Там, внизу, пришло в движение скопище людей позади линии вагенов и штурмшильдов, стремительной волной пустилось вперед, и в первой линии, вперемешку с привычной пехотой, виделись рослые, плечистые верзилы с тугими сумками через плечо. Их прикрывали щитами идущие рядом; закрыть их целиком, тем паче на бегу, было невозможно, и они высились над соратниками, как башни.

Но солнце больше тревожили эти тучи вокруг — тучи росли и вздувались, и темнели, сливались друг с другом, заволакивая небо все плотнее… Этих туч не должно было быть сегодня, уж это солнце знало наверняка. Сегодня должен был случиться один из последних солнечных дней этой осени, уж кому это знать, как не солнцу? Но тучи откуда-то явились и уходить не собирались, а лишь толстели и множились, и наползали.

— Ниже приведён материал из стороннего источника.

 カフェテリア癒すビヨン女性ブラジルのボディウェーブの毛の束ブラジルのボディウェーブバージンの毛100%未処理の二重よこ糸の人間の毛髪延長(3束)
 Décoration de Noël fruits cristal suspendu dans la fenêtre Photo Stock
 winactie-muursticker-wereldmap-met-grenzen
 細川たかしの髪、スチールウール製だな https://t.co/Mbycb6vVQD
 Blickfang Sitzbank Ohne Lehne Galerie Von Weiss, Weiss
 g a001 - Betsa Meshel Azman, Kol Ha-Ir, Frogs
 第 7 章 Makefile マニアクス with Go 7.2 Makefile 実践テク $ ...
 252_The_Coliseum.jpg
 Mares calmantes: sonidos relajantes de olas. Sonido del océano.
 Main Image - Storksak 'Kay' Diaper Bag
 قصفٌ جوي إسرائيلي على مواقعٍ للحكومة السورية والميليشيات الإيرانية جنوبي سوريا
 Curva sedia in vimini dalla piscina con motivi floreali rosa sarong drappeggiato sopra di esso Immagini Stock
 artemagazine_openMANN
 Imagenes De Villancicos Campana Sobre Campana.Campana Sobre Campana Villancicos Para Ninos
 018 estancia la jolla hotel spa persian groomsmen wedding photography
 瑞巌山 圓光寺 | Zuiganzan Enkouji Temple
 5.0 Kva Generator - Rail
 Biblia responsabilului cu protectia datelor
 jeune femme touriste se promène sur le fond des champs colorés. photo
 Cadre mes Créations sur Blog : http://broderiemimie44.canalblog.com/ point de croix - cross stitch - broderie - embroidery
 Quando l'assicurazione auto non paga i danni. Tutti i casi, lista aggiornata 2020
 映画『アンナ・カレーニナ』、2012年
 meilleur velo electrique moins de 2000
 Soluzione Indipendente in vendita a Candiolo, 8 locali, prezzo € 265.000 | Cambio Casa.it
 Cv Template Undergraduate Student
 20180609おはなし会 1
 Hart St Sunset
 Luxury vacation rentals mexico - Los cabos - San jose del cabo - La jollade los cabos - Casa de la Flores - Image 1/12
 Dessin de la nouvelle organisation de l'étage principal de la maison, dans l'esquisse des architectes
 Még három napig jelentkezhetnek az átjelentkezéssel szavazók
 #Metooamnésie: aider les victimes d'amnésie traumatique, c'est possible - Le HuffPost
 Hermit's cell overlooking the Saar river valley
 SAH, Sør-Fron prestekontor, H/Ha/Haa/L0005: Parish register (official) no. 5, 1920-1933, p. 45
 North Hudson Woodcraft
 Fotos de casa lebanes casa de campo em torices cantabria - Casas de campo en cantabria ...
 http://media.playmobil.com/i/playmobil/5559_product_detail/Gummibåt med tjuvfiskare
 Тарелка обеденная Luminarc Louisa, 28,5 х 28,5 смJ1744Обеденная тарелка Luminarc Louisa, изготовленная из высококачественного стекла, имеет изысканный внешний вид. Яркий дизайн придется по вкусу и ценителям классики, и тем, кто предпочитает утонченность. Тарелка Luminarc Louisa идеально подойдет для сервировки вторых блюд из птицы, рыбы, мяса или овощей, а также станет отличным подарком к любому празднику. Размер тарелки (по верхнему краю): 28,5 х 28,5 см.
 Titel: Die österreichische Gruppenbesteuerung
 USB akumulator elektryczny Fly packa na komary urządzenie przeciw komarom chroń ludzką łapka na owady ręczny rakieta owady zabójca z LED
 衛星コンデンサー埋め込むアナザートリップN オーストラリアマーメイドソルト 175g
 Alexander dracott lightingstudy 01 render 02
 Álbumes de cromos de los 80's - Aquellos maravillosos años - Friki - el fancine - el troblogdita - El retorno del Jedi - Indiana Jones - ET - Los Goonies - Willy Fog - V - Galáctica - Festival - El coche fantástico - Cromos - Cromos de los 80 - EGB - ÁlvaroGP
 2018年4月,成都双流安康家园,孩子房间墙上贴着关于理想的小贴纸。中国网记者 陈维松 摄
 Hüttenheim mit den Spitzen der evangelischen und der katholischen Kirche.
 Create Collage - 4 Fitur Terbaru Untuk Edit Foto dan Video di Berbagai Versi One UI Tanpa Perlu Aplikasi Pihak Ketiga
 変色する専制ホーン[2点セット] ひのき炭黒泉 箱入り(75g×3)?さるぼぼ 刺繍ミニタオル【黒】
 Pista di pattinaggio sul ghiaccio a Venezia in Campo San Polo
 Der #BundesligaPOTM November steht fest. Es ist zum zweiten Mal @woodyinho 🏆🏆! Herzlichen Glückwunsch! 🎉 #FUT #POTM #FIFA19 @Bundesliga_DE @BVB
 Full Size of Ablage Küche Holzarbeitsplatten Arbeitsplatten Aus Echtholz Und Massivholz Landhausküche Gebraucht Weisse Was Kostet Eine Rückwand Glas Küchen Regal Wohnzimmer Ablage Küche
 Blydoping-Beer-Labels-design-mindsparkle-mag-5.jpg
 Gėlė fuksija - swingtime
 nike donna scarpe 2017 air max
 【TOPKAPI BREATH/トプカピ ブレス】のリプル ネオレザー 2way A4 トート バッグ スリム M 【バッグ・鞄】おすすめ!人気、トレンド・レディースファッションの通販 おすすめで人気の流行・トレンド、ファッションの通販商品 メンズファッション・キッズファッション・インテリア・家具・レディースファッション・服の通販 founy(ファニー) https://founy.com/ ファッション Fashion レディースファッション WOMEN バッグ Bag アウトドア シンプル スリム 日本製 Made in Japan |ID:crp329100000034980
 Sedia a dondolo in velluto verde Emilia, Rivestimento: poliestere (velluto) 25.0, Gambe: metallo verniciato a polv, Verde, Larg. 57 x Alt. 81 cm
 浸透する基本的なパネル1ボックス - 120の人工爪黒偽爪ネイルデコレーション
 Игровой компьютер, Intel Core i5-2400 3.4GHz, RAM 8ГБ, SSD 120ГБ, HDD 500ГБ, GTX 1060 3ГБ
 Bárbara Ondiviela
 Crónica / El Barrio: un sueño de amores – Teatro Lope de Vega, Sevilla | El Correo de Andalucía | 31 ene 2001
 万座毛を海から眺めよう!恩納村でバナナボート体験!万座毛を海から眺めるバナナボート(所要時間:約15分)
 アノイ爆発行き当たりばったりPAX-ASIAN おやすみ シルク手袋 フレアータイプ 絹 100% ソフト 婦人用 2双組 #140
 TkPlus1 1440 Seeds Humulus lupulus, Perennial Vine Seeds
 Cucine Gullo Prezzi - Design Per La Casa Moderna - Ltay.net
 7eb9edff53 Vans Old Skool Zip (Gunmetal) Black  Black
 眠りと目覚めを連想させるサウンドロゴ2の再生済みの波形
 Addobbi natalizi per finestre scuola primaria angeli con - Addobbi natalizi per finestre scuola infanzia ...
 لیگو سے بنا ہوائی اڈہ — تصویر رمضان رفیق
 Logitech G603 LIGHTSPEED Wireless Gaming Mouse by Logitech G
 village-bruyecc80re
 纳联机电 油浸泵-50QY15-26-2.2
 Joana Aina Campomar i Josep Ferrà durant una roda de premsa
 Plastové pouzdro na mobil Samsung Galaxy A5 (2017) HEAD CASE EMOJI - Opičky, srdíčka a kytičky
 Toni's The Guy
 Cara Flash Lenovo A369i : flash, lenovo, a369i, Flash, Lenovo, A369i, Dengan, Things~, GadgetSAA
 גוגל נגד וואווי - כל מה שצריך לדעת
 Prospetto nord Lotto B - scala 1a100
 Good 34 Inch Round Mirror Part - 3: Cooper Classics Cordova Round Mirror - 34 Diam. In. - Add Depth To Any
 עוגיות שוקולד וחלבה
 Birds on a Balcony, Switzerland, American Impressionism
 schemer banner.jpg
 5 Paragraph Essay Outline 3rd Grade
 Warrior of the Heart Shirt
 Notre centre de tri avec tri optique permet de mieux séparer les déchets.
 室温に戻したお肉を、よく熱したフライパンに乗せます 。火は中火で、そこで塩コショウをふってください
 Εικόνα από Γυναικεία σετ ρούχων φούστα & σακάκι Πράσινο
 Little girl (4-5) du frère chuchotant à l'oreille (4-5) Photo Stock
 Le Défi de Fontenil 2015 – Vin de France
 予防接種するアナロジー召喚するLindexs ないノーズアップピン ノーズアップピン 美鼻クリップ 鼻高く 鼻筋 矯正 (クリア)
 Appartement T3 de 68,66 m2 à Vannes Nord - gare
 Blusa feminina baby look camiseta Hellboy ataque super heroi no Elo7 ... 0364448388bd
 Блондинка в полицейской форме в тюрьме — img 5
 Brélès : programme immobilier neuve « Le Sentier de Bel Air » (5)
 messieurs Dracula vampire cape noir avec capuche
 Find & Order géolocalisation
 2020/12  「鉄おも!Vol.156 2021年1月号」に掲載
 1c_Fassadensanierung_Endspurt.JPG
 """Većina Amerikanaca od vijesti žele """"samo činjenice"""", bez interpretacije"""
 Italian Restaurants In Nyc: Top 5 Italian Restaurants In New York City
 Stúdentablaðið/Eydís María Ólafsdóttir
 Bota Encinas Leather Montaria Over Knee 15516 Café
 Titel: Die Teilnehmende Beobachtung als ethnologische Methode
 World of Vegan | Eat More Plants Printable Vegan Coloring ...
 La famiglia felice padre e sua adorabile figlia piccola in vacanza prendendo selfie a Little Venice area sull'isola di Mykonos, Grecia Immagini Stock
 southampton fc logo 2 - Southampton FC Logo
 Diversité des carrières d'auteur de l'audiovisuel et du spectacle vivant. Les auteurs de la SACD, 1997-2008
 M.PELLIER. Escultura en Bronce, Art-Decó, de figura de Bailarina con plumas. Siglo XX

Там, внизу, снова забухали ручницы, но теперь с другой стороны — в наступающую пехоту, и все еще гудели стрелы, посылаемые навесом, и кто-то, наверное, упал, а кому-то посчастливилось. Тучи все ползли и ползли, и солнце начало злиться. Сегодня всё шло не так — сначала этот туман, теперь эти тучи, и в их глубине уже явно собирались грузные капли: ниже — водяные, чуть выше — застывшие крохотными льдинками, и льдинки сталкивались, крошились, искрились. Крупные падали вниз, к брюху тучи, и таяли там, оставаясь в темном нутре, тяжелея, копясь…

Внизу закричали людские голоса — не болезненно и не злобно, как прежде, а яростно и упоенно, и до почти запертого тучами солнца донеслось нескладное, но громогласное «Wir können!», и повторилось — уже стройнее и еще громче, что-то ответили таким же исступленным криком с другой стороны, но слышно было плохо — тучи почти обратились сплошным ковром, и увесистые капли и ледяная пыль глушили звуки, и солнце вздрогнуло, когда внизу один за другим зазвучали взрывы. Это не было похоже на пушечные залпы, и солнце, уже отчаявшись побороть наползавшие тучи, вывернулось, чтобы бросить последний взгляд на землю и увидеть, что вытворяют смертные на холодном осеннем поле.